At present, Belgian individual taxpayers are not explicitly required by law to declare crypto accounts or crypto wallets in their tax return or to report them to the CCP, however, it is advisable to report such accounts or wallets, in light of the broad interpretation of foreign accounts and the increasing level of tax transparency.
This question is far from theoretical. The increasing international reporting obligations as from 2026, such as the Common Reporting Standard (CRS) and the new DAC8 Directive for crypto service providers, will significantly increase tax transparency with respect to crypto-assets. This article therefore focuses exclusively on the declaration and reporting obligations applicable to crypto accounts and wallets in Belgium, the relevant rules and the potential consequences of non-compliance.

The basic principle: the obligation to report foreign accounts in the tax return and to the CPC
All Belgian tax residents are legally required to report their foreign accounts to the Central Point of Contact of the National Bank of Belgium (CPC ). This basic principle is enshrined in Article 307, §1, second paragraph of the Belgian Income Tax Code (WIB 92), which provides that, at the latest at the time of filing the tax return in which the existence of foreign accounts is mentioned, the account numbers, the name of the relevant banking, exchange, credit or savings institution and the country or countries where the accounts were opened must also be communicated to the CPC , unless this information was already provided in a previous tax year.
The key question is therefore whether a crypto wallet can be regarded as an “account” within the meaning of Belgian tax law, and whether a centralised crypto platform (such as Kraken, Binance, Bitvavo or Coinbase) can be equated with a banking, exchange, credit or savings institution as referred to in Article 307 WIB 92. As long as this qualification is not explicitly confirmed by the legislator, the application of the existing reporting obligation to crypto structures remains legally uncertain.
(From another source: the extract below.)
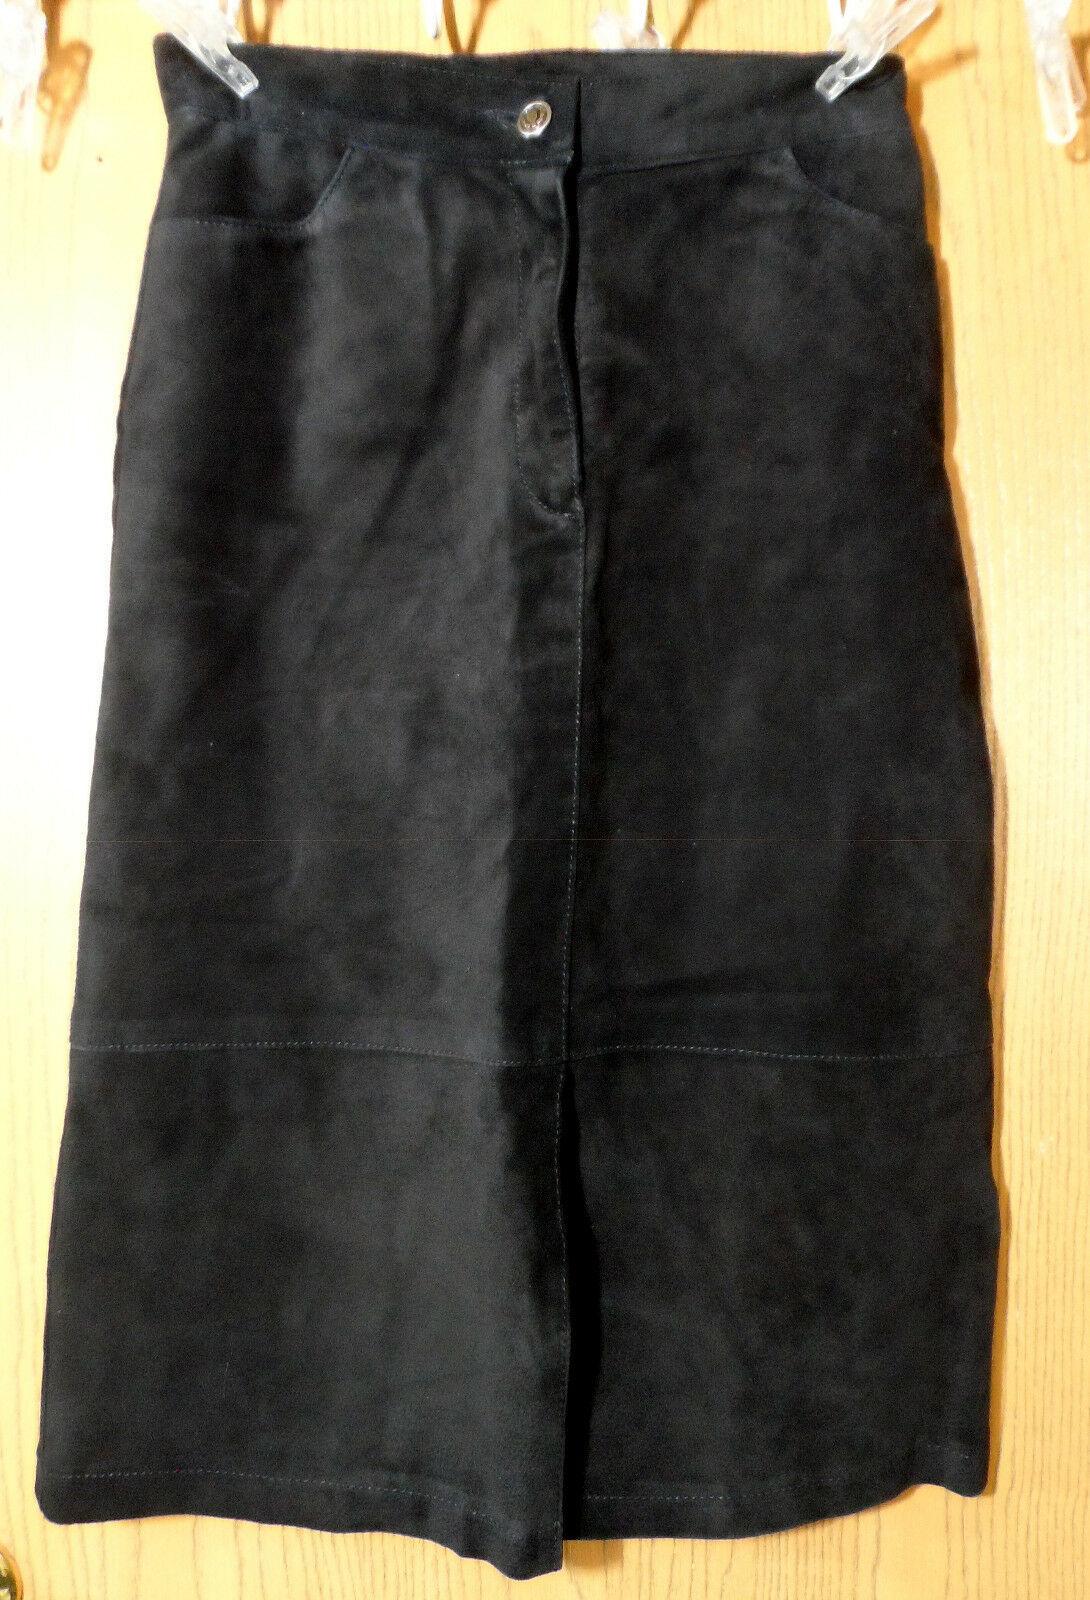 SKOTTS SUEDE Washable Leather Skirt sz 4 Black Midi Straight pencil fit Canadian
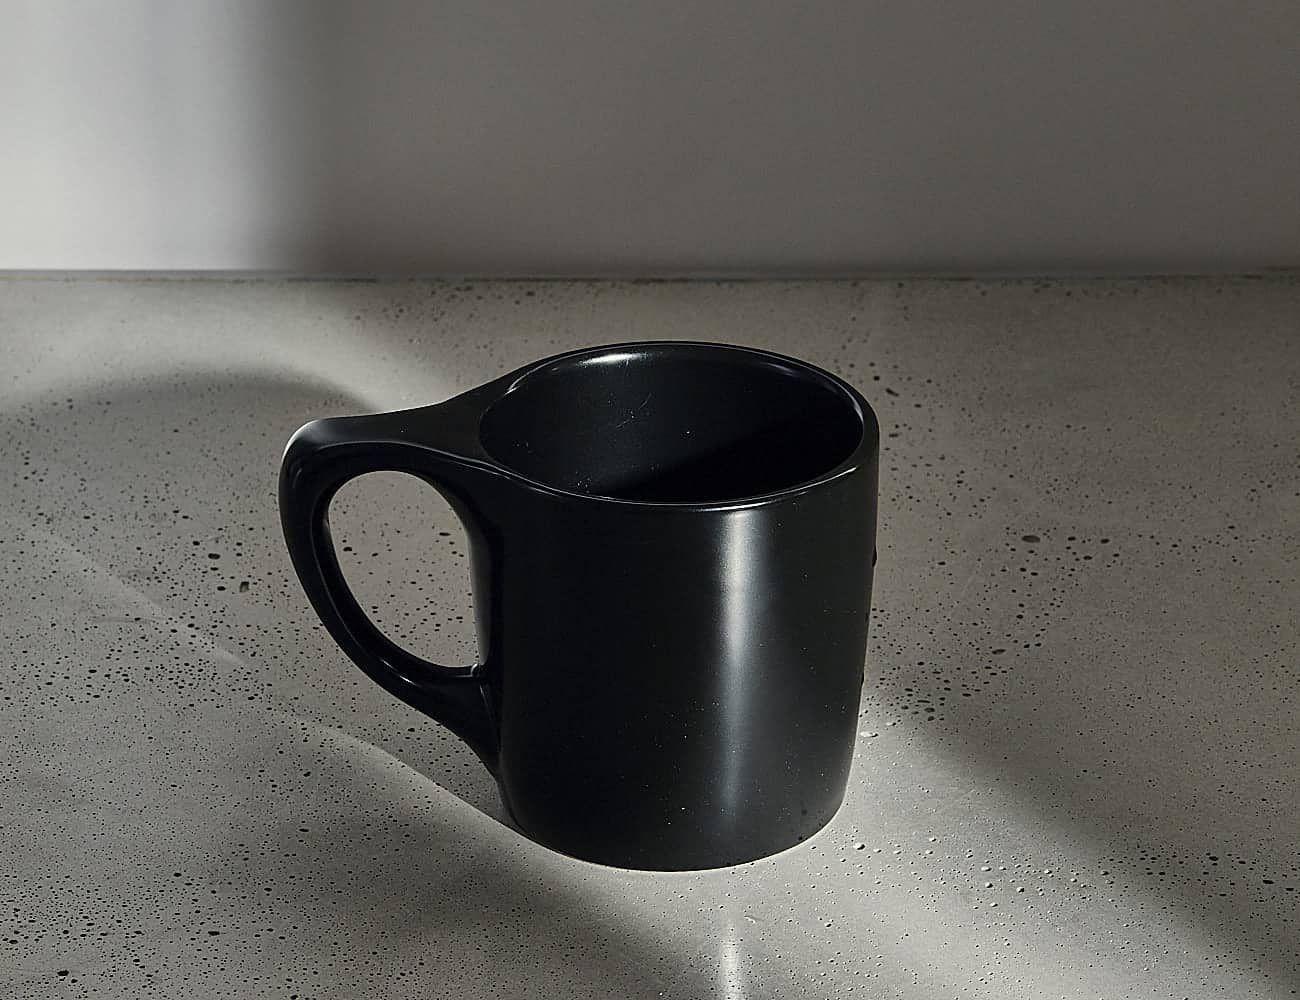 The Mug Coffee >> The 6 Best Coffee Mugs Of 2019 Gear Patrol

What is the Central Point of Contact (CPC)?
The Central Point of Contact of the National Bank of Belgium, commonly referred to as the CPC , is a statutory central database in which certain financial data relating to Belgian taxpayers are recorded. The purpose of the CPC is to enable the tax authorities to more efficiently verify whether Belgian tax residents correctly declare their foreign accounts and to support tax audits.
The underlying principle is that all Belgian tax residents must report the existence of their foreign accounts. The scope of the information recorded in the CPC is strictly limited. No account balances are recorded, nor are details of transactions or movements carried out through the accounts. The registration is limited to the existence of the account, the account number, the identity of the financial institution involved and the country in which the account was opened. In other words, the CPC is not a register of assets, but an instrument designed to identify the existence of foreign accounts. It should be noted, however, that for domestic accounts (with Belgian banks), semi-annual balances and certain cash transactions have been recorded in the CPC since 2020.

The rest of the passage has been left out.